====== SUPPLIED INFORMATION ======

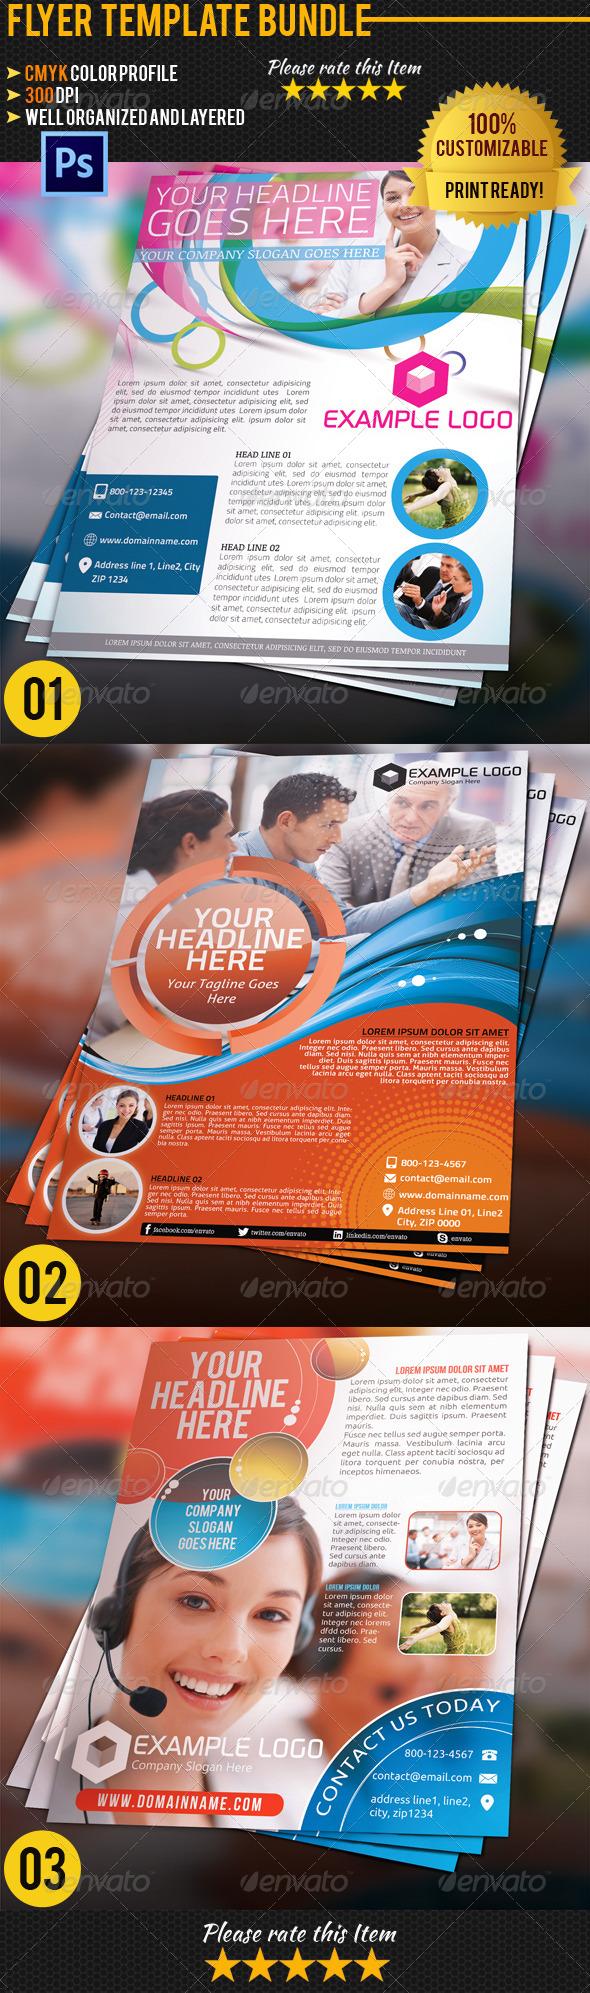 Corporate Business Flyer Bundle 01 - Corporate Flyers
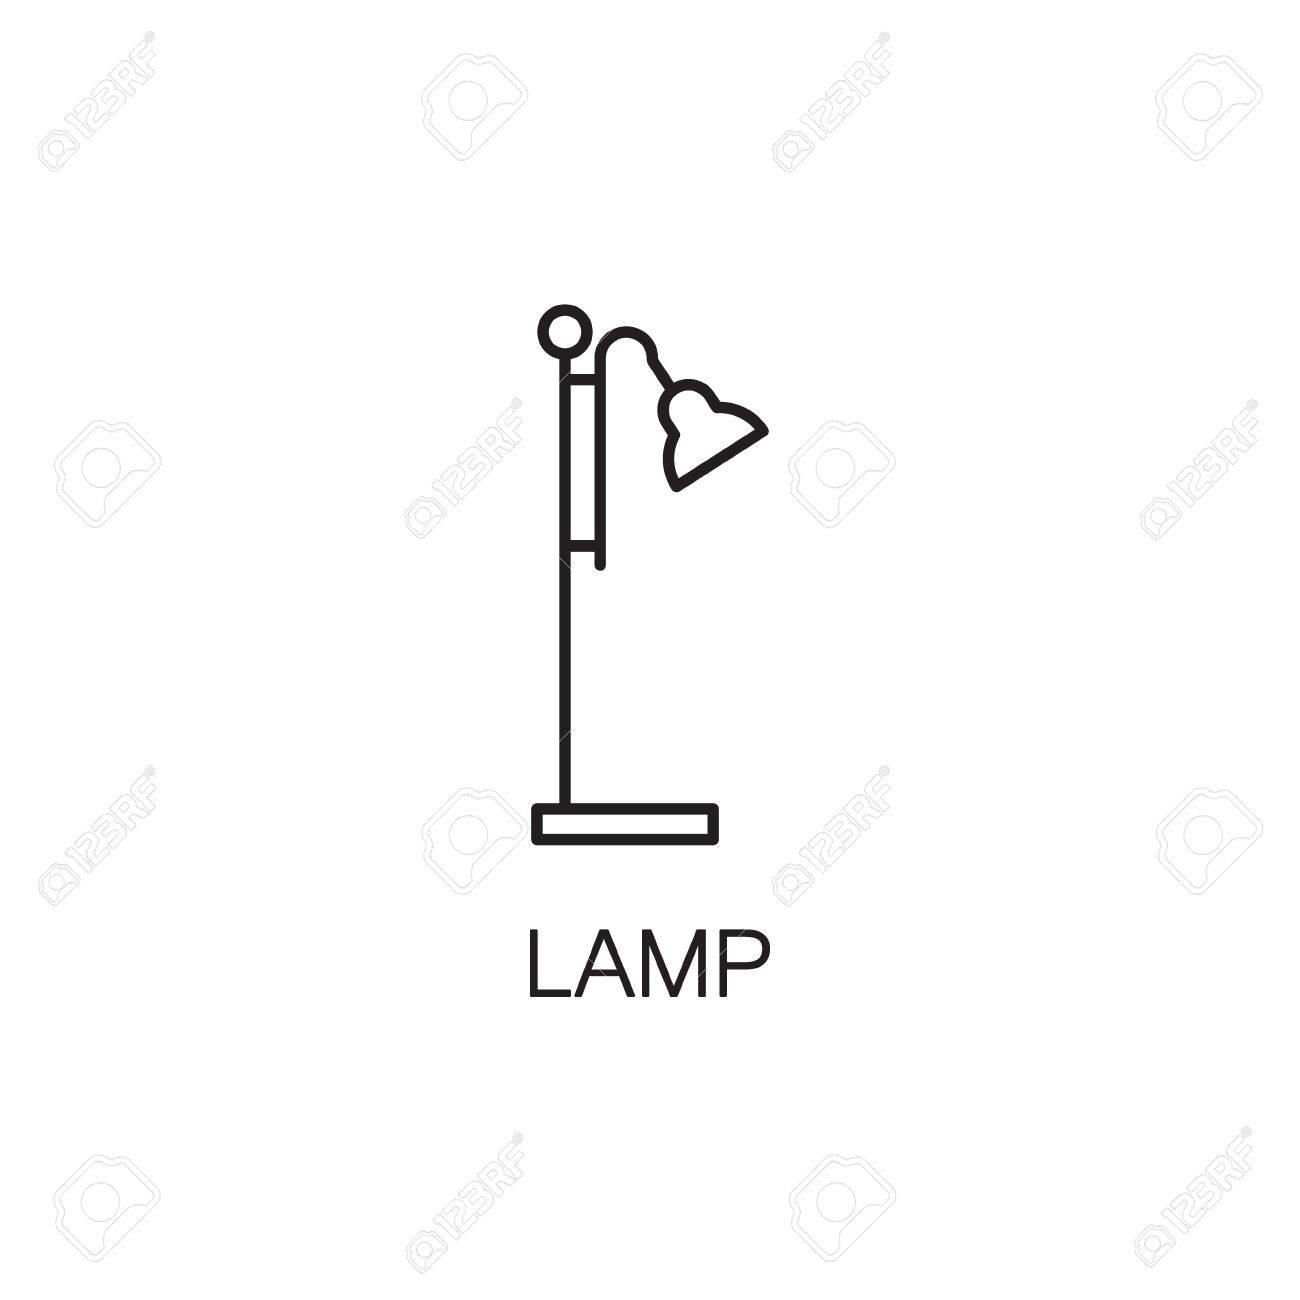 Groß Spulenkreis Symbol Fotos - Elektrische Schaltplan-Ideen ...
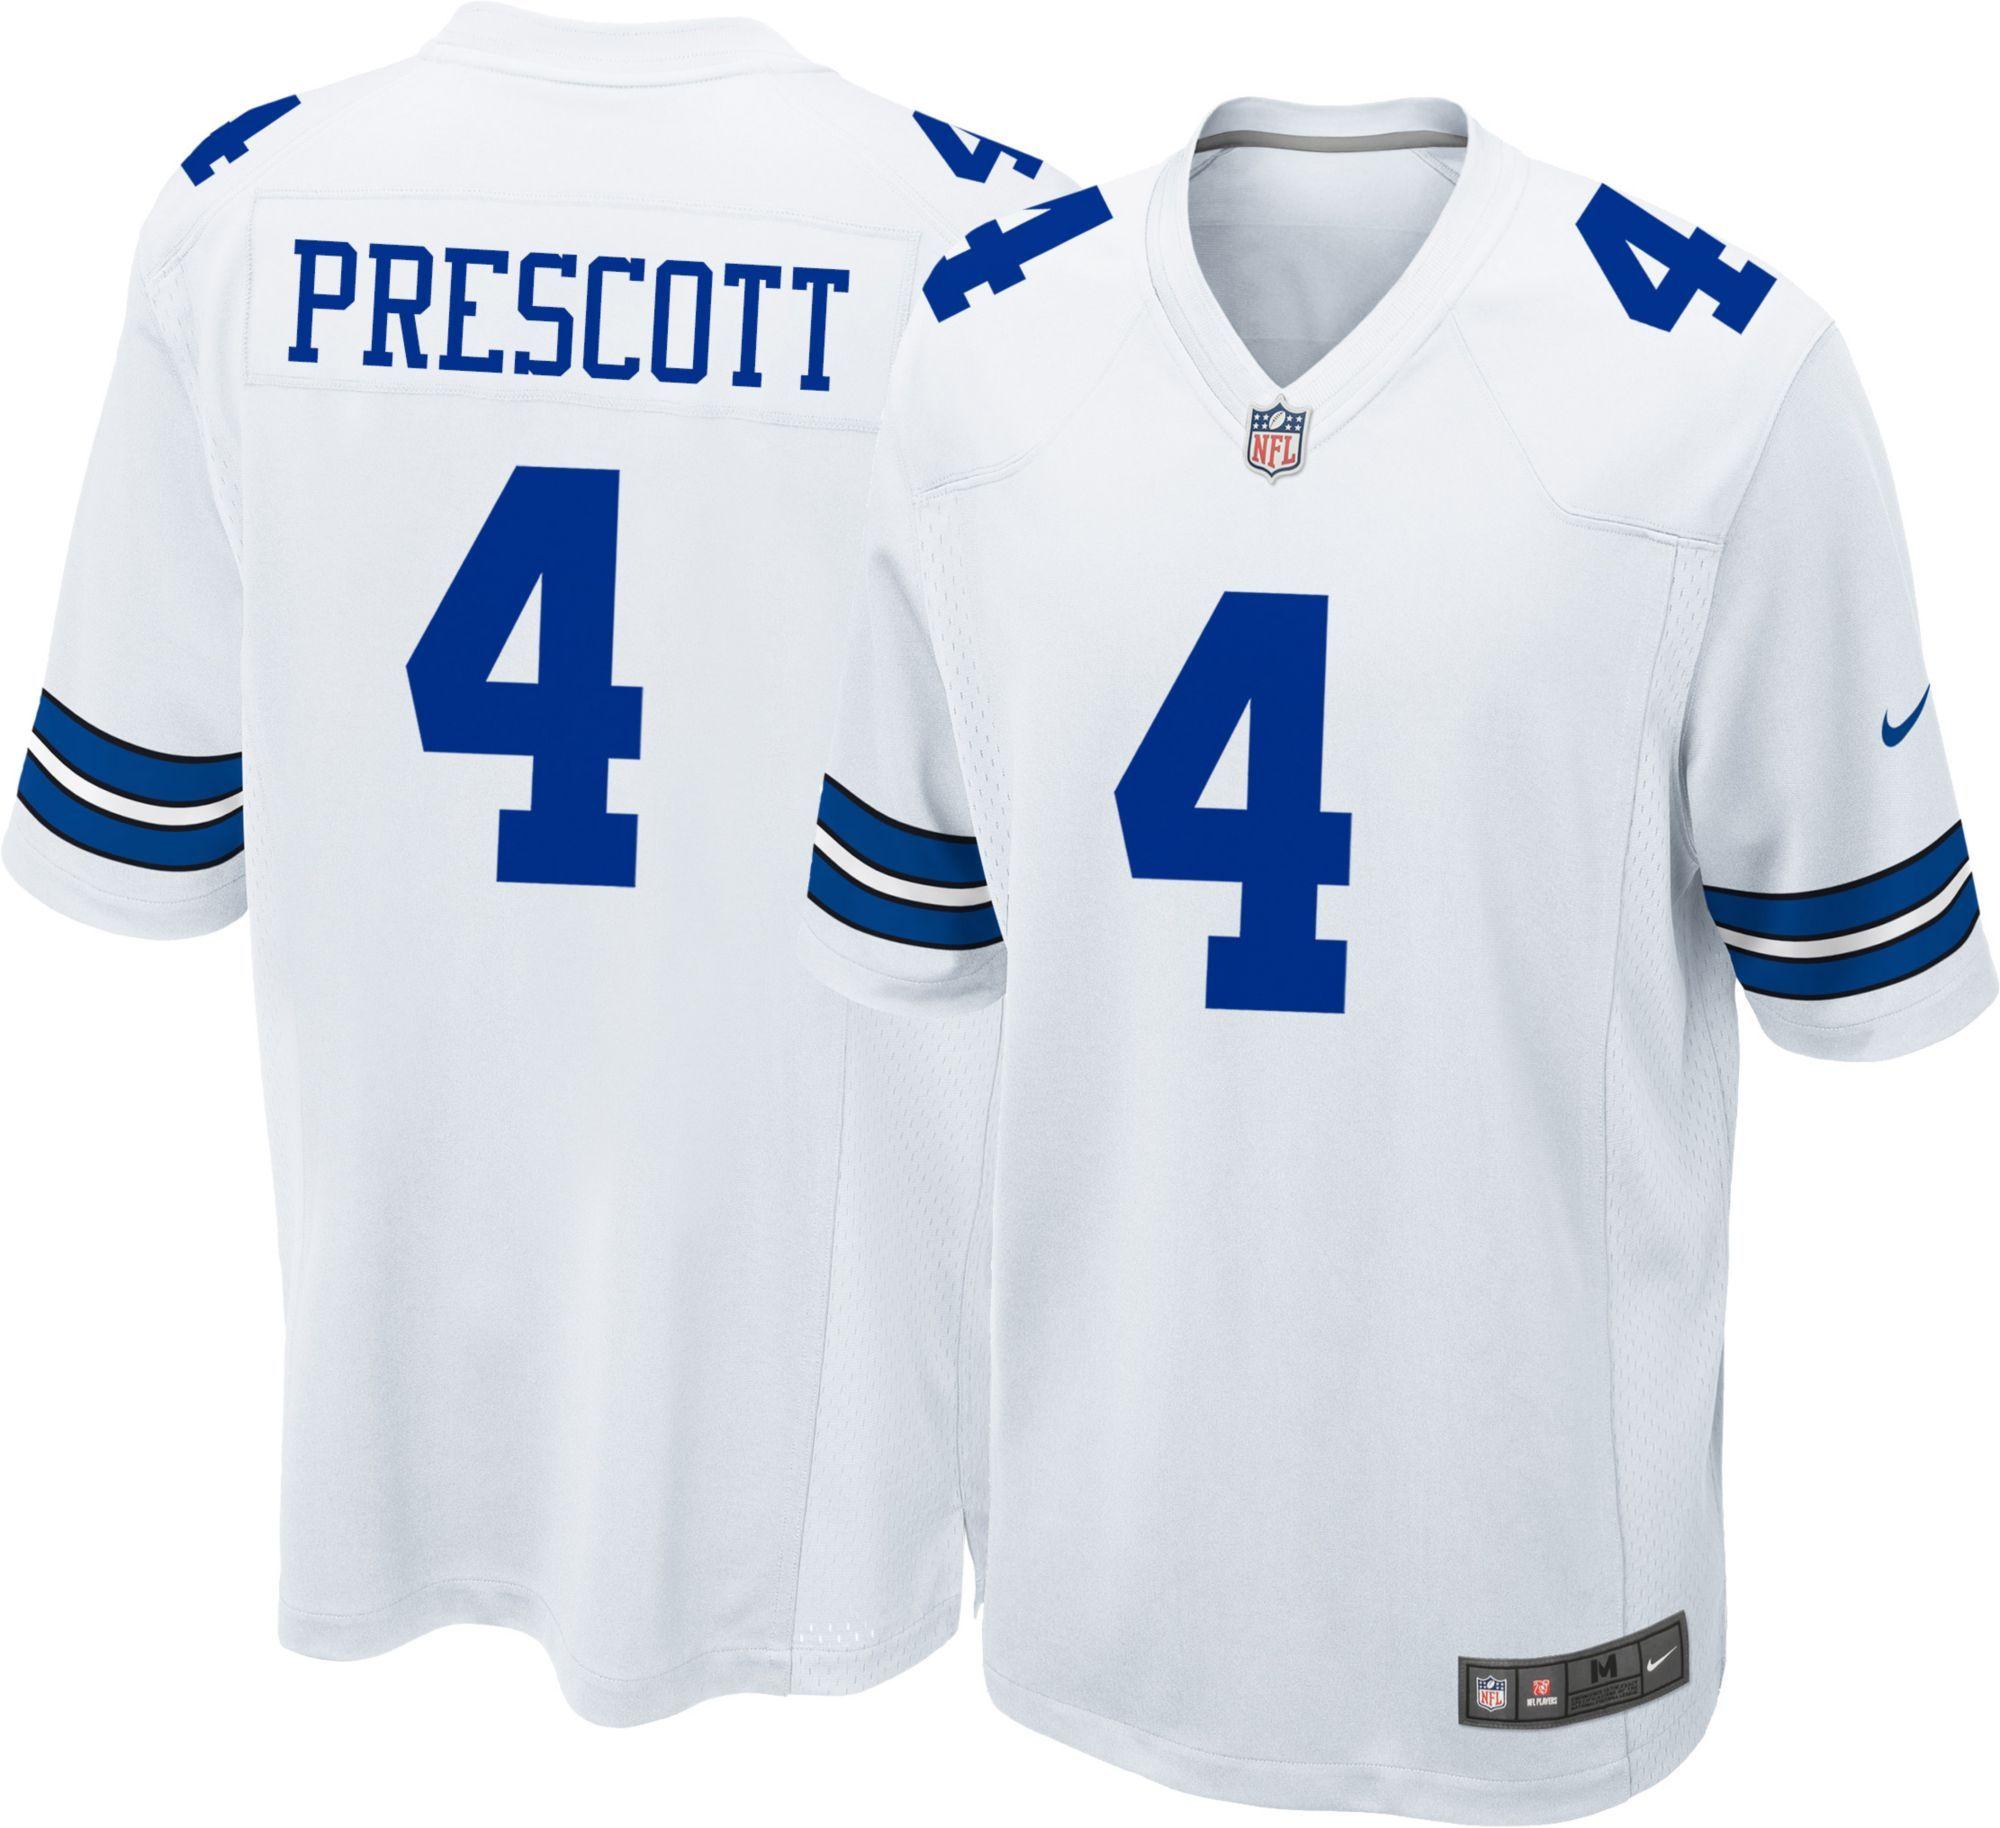 8eac7c16c Nike Men s Game Jersey Dallas Cowboys Dak Prescott  4 in 2019 ...

======

WORK INSTRUCTIONS |
Copy all the lines of data exactly as they appear, dropping any images.

REPLY |
 Corporate Business Flyer Bundle 01 - Corporate Flyers
 Groß Spulenkreis Symbol Fotos - Elektrische Schaltplan-Ideen ...
 8eac7c16c Nike Men s Game Jersey Dallas Cowboys Dak Prescott  4 in 2019 ...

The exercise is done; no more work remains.